_Dataset content_.
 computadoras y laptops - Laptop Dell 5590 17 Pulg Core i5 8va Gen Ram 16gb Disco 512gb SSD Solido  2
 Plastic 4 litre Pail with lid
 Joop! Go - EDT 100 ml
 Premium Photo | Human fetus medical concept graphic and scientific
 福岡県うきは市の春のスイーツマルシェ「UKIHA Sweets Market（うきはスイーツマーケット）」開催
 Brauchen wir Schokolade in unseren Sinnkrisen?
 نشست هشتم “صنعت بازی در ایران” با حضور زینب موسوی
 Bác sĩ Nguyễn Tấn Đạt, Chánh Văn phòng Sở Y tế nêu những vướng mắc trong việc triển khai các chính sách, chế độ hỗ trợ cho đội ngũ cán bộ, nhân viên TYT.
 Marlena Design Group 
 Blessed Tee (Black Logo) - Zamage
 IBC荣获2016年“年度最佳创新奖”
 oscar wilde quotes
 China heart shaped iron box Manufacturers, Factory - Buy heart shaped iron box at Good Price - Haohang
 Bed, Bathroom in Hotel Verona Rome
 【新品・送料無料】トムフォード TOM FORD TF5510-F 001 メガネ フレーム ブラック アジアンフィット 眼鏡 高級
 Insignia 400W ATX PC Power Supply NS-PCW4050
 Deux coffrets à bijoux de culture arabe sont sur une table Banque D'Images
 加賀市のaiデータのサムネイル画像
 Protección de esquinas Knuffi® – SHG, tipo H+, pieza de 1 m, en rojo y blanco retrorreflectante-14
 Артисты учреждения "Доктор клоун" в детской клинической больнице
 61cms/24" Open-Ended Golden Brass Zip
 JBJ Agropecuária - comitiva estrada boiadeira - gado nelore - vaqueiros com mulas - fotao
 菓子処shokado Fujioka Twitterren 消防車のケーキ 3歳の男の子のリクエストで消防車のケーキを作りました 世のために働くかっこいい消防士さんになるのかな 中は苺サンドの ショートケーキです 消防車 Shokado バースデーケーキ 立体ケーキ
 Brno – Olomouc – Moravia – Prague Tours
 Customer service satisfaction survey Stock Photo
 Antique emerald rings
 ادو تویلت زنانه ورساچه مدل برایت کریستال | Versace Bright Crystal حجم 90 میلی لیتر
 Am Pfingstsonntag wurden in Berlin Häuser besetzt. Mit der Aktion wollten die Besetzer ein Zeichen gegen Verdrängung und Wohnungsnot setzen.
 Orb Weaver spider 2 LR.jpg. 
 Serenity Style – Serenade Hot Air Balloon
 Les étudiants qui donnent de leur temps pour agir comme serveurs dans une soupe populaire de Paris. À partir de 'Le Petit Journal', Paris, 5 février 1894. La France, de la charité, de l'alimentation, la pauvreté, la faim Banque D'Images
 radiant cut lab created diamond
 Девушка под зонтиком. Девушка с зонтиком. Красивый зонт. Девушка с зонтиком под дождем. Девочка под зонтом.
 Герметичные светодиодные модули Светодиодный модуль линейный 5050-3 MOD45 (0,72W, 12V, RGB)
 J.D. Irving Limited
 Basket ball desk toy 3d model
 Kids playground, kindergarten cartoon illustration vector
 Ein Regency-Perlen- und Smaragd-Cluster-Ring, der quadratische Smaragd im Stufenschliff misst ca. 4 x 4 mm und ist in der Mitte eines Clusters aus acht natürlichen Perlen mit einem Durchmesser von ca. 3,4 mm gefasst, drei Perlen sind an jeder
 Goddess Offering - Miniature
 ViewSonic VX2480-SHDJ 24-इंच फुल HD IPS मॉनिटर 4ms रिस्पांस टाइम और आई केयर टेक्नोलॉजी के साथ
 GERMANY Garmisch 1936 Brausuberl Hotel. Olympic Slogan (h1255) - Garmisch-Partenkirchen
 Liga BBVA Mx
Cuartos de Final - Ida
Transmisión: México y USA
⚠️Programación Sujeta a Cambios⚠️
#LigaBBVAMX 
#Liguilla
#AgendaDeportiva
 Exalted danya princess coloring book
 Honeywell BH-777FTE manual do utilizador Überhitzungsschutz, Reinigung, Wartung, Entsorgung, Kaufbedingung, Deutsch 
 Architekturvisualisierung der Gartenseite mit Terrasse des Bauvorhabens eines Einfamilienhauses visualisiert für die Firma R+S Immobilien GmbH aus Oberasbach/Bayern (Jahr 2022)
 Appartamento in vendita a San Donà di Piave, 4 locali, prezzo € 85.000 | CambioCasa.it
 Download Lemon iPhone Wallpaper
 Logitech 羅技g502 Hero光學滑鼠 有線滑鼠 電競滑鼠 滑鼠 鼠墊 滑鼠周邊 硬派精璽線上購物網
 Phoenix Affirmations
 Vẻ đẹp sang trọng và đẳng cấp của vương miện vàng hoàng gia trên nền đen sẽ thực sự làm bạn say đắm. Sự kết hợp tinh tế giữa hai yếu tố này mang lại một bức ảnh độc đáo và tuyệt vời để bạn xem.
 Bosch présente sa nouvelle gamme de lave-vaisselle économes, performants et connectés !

_Work instructions_. What you return must be an exact retyping of the lines above starting at the line with "Serenity Style – Serenade Hot Air Balloon" and ending at the line with "Vẻ đẹp sang", and nothing besides.

_Result_.
 Serenity Style – Serenade Hot Air Balloon
 Les étudiants qui donnent de leur temps pour agir comme serveurs dans une soupe populaire de Paris. À partir de 'Le Petit Journal', Paris, 5 février 1894. La France, de la charité, de l'alimentation, la pauvreté, la faim Banque D'Images
 radiant cut lab created diamond
 Девушка под зонтиком. Девушка с зонтиком. Красивый зонт. Девушка с зонтиком под дождем. Девочка под зонтом.
 Герметичные светодиодные модули Светодиодный модуль линейный 5050-3 MOD45 (0,72W, 12V, RGB)
 J.D. Irving Limited
 Basket ball desk toy 3d model
 Kids playground, kindergarten cartoon illustration vector
 Ein Regency-Perlen- und Smaragd-Cluster-Ring, der quadratische Smaragd im Stufenschliff misst ca. 4 x 4 mm und ist in der Mitte eines Clusters aus acht natürlichen Perlen mit einem Durchmesser von ca. 3,4 mm gefasst, drei Perlen sind an jeder
 Goddess Offering - Miniature
 ViewSonic VX2480-SHDJ 24-इंच फुल HD IPS मॉनिटर 4ms रिस्पांस टाइम और आई केयर टेक्नोलॉजी के साथ
 GERMANY Garmisch 1936 Brausuberl Hotel. Olympic Slogan (h1255) - Garmisch-Partenkirchen
 Liga BBVA Mx
Cuartos de Final - Ida
Transmisión: México y USA
⚠️Programación Sujeta a Cambios⚠️
#LigaBBVAMX 
#Liguilla
#AgendaDeportiva
 Exalted danya princess coloring book
 Honeywell BH-777FTE manual do utilizador Überhitzungsschutz, Reinigung, Wartung, Entsorgung, Kaufbedingung, Deutsch 
 Architekturvisualisierung der Gartenseite mit Terrasse des Bauvorhabens eines Einfamilienhauses visualisiert für die Firma R+S Immobilien GmbH aus Oberasbach/Bayern (Jahr 2022)
 Appartamento in vendita a San Donà di Piave, 4 locali, prezzo € 85.000 | CambioCasa.it
 Download Lemon iPhone Wallpaper
 Logitech 羅技g502 Hero光學滑鼠 有線滑鼠 電競滑鼠 滑鼠 鼠墊 滑鼠周邊 硬派精璽線上購物網
 Phoenix Affirmations
 Vẻ đẹp sang trọng và đẳng cấp của vương miện vàng hoàng gia trên nền đen sẽ thực sự làm bạn say đắm. Sự kết hợp tinh tế giữa hai yếu tố này mang lại một bức ảnh độc đáo và tuyệt vời để bạn xem.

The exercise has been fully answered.